• [Problem]
Begin at the line containing "5 ways to attract generation Y Millennials" in the records below, end at the line containing "Logotyp Ministerstwa Kultury", and retype each line in that span exactly. No other line and no image should appear.

• [Given records]
====

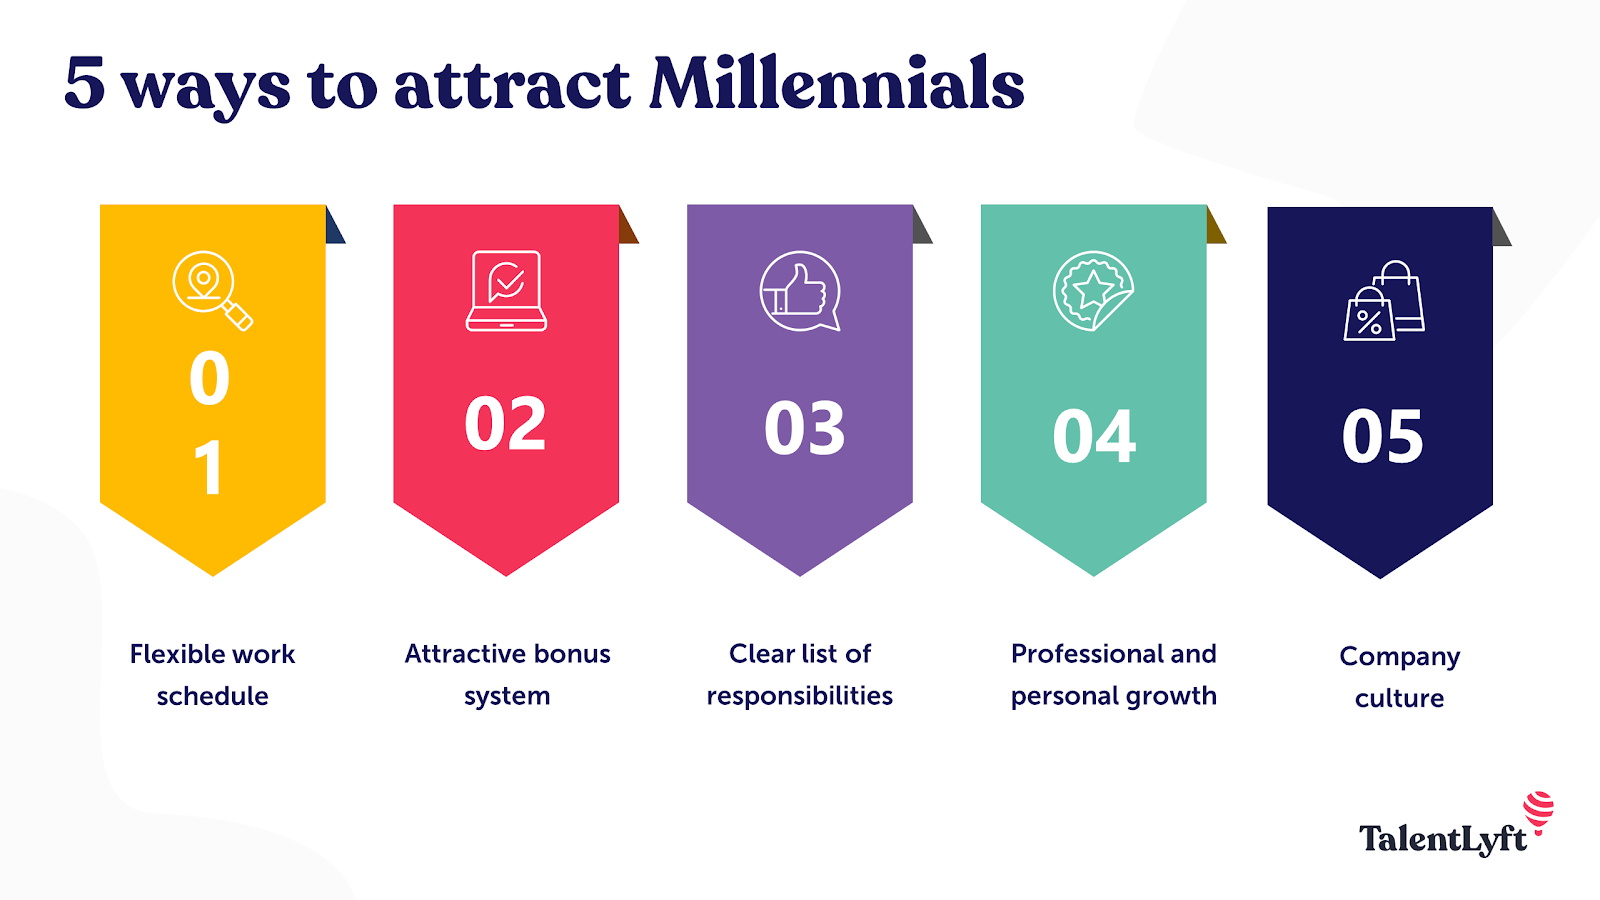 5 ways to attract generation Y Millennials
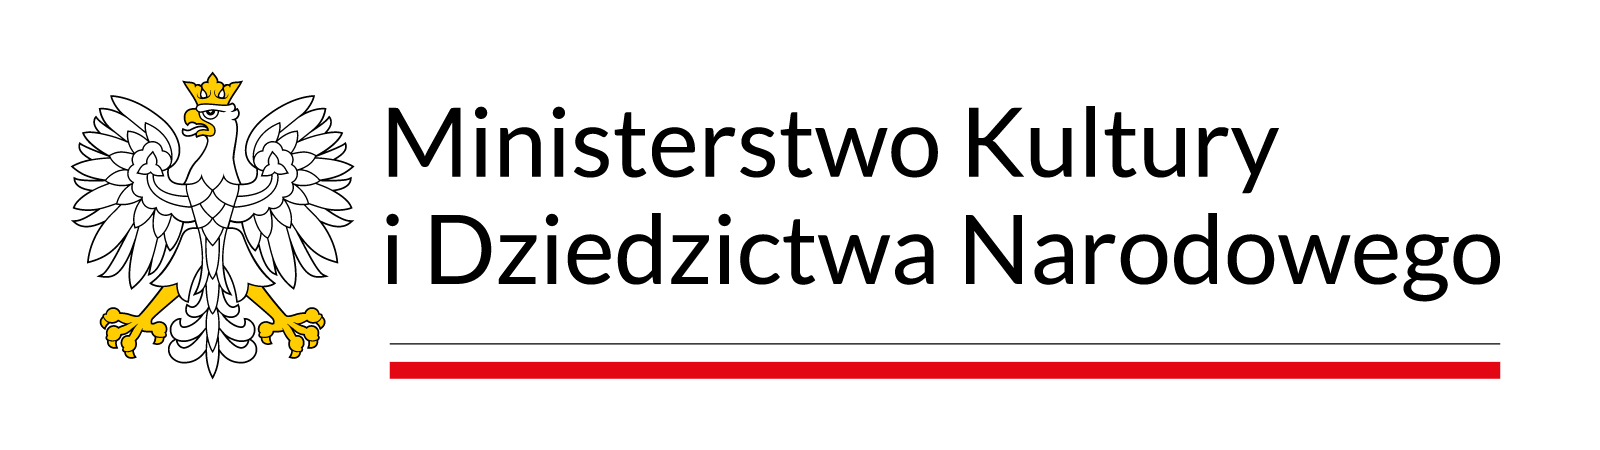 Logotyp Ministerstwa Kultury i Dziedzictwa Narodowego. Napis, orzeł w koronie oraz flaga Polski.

====

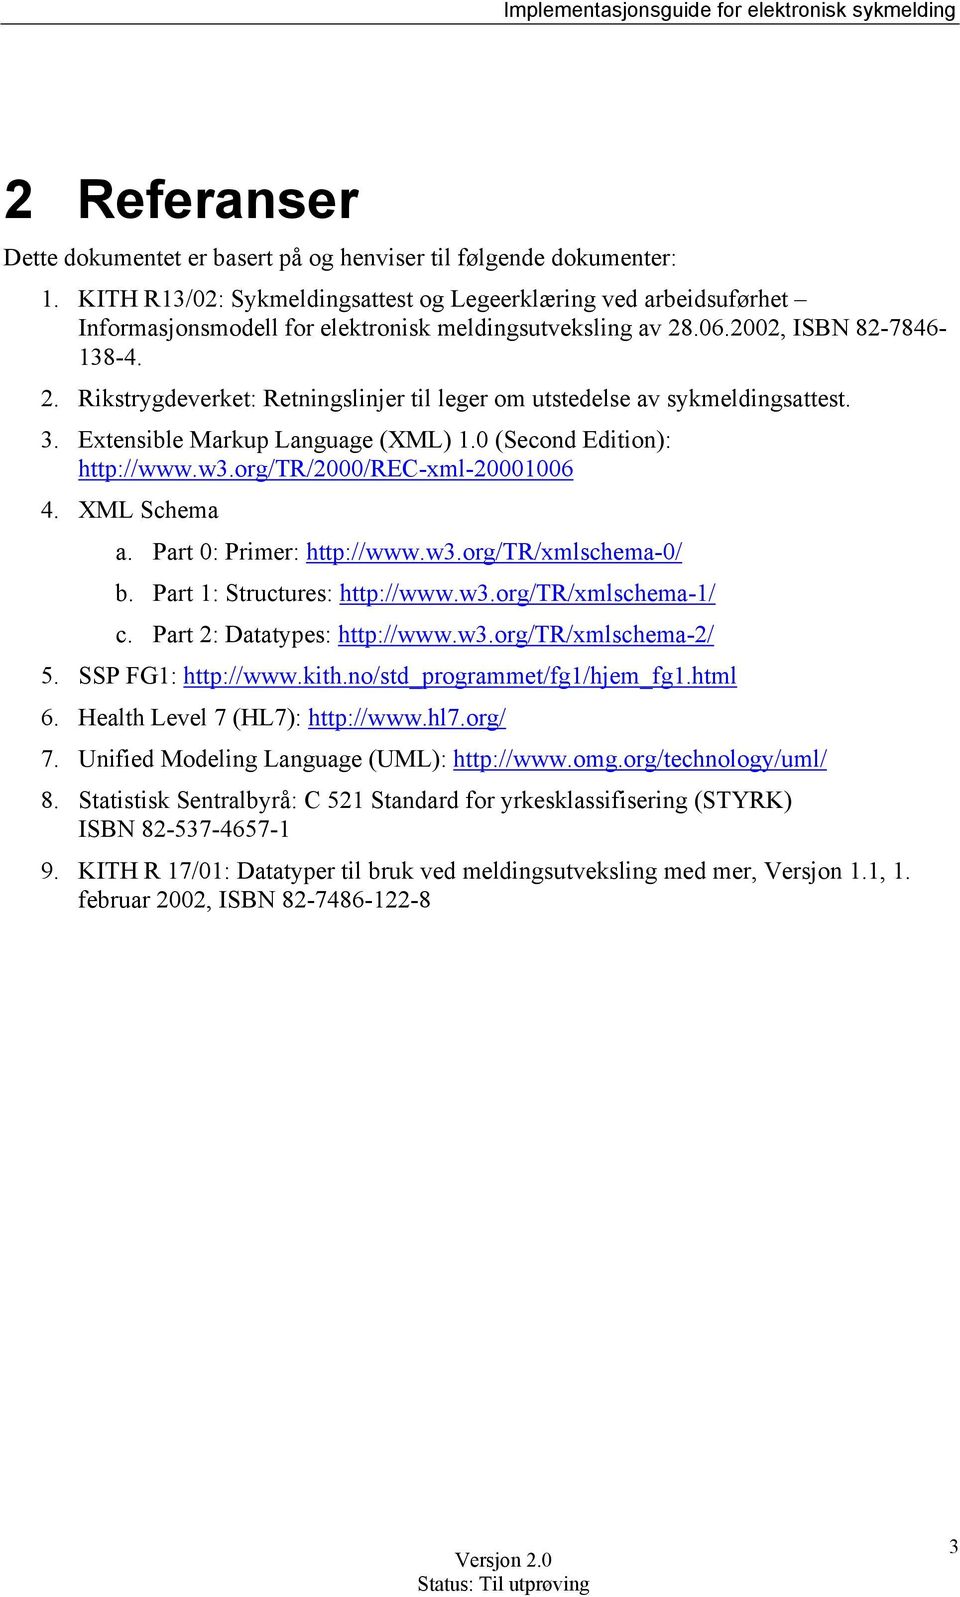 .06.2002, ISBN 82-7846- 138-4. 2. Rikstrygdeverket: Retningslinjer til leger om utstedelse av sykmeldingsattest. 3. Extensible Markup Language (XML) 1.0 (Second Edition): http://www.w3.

====

• [Exercise response]
 5 ways to attract generation Y Millennials
 Logotyp Ministerstwa Kultury i Dziedzictwa Narodowego. Napis, orzeł w koronie oraz flaga Polski.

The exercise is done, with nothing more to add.